I'm not sure about the dorsal but the rest of the flower is very nice.


----------



## Lycaste53 (Nov 27, 2011)

AquaGem, 
that´s a very nice and well grown plant.
Shiva, 
is the dorsal too much twisted?


----------



## Shiva (Nov 27, 2011)

Lycaste53 said:


> AquaGem,
> that´s a very nice and well grown plant.
> Shiva,
> is the dorsal too much twisted?



It's a little too much to my taste in the first picture. But the other flowers seem fine to me. This being said, there's a great deal of confusion between Sedenii and Cardinale and this one may have a dose of both.


----------



## Orchidzrule (Nov 27, 2011)

Shiva said:


> This being said, there's a great deal of confusion between Sedenii and Cardinale and this one may have a dose of both.



Is it possible that some of the plants we see called Sedenii are really perhaps Sedenii selfed or sib-crossed? If so, they would be second generation, and such F2 plants would not necessarily be exactly half schlimii and half longifolium. 

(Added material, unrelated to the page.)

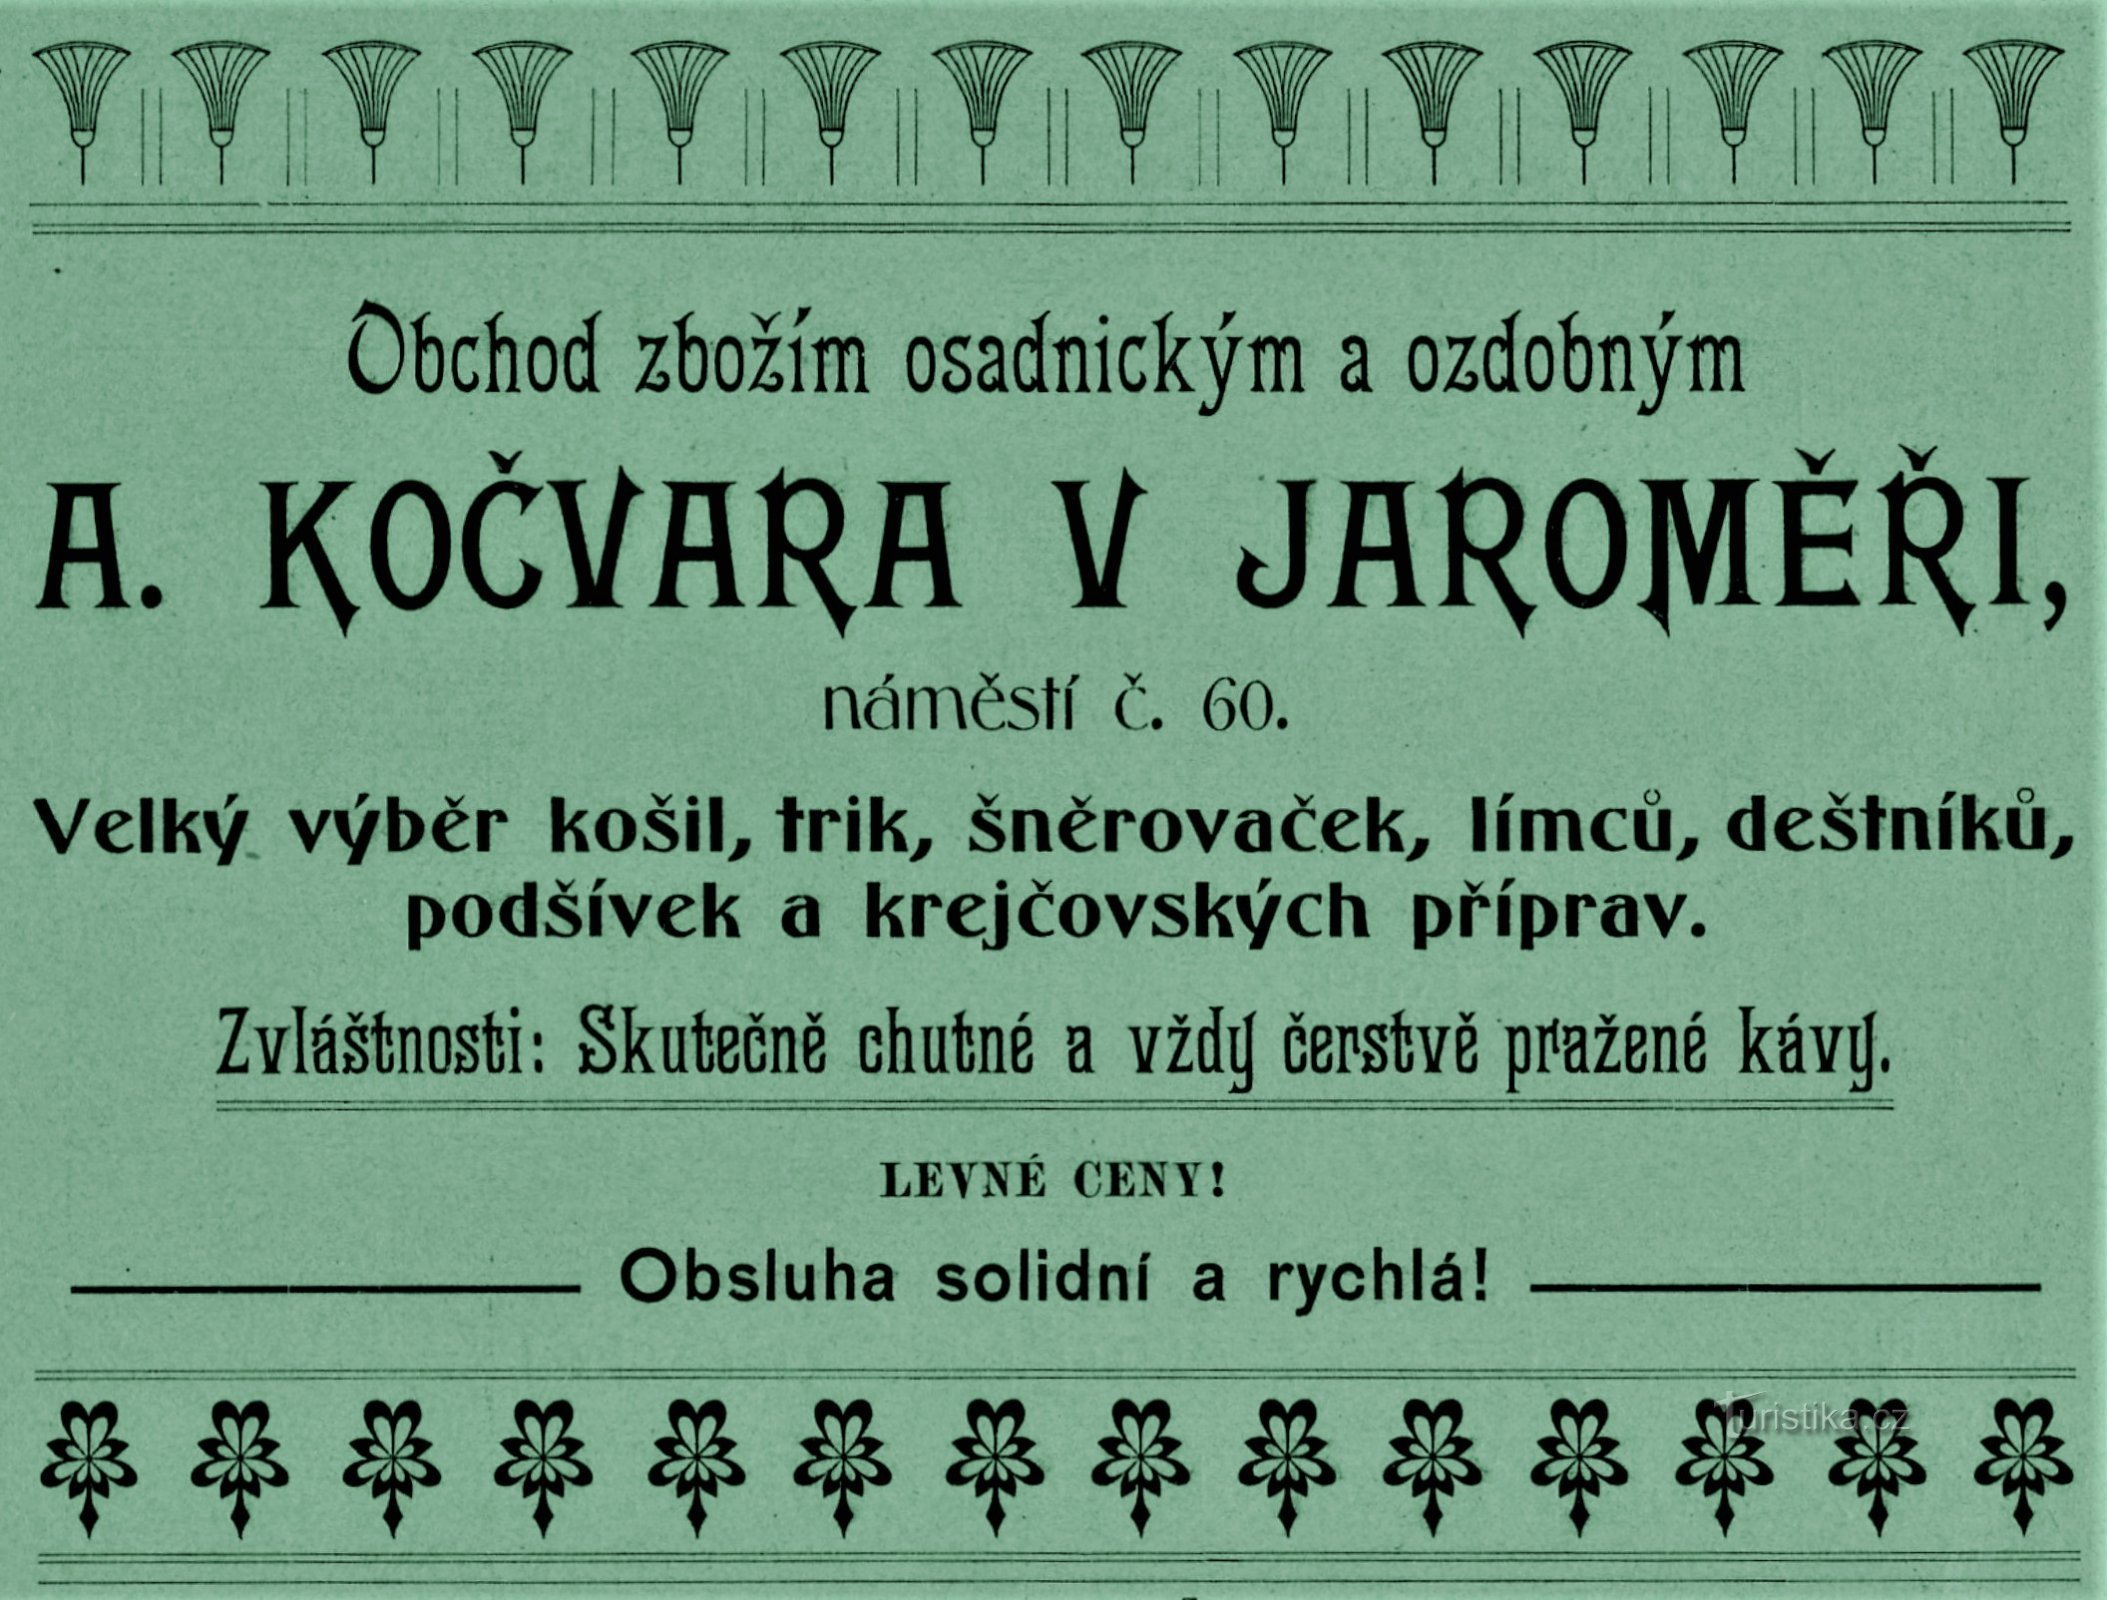 Sodobni oglas podjetja A. Kočvara v Jaroměřu iz leta 1903

At any rate, I really find this flower attractive and would love to have one like it in my collection of Phrags! Great growing & blooming. :clap:


----------



## Shiva (Nov 27, 2011)

Sedenii and Calurum were both made in the 1870s and registered a few years later. Along the way, they have been made and remade many times over and sometimes, they were mixed by mistake or by nature. in the early days, they would be raised from seeds in the mother pot and who knows what happened. Today's breeders are much more careful but there are the odd old Sedenii and Calurum out there that can still serve as parents. And if you add Cardinale to the mix..., not to forget what variety of longifolium parent!!! But I do agree with you, I would very happily like to own this plant.


----------



## Kevin (Nov 27, 2011)

I agree there is confusion between Sedenii and Calurum, but this looks like neither. Are you sure it's not Schroederae?


----------



## Shiva (Nov 27, 2011)

My thought exactly!


----------



## Orchidzrule (Nov 27, 2011)

I had to look that one up (caudatum X schlimii), but after doing so, I agree this does look very similar. OK, then I guess I have to put that one on my wish list!


----------



## W. Beetus (Nov 27, 2011)

Wonderful blooms!


----------



## phrag guy (Nov 27, 2011)

nice flower and does look like Schroederae to me also


----------



## AquaGem (Nov 27, 2011)

This plant/division came from Glen Decker. If you google this plant and clone you will get to see that it has been pretty much the same as the other Sedenii. Schroederae has much longer petals.


----------



## SlipperFan (Nov 27, 2011)

Actually, it looks like a cross between Sedenii and Schroderae.


----------



## Kevin (Nov 27, 2011)

AquaGem said:


> This plant/division came from Glen Decker. If you google this plant and clone you will get to see that it has been pretty much the same as the other Sedenii. Schroederae has much longer petals.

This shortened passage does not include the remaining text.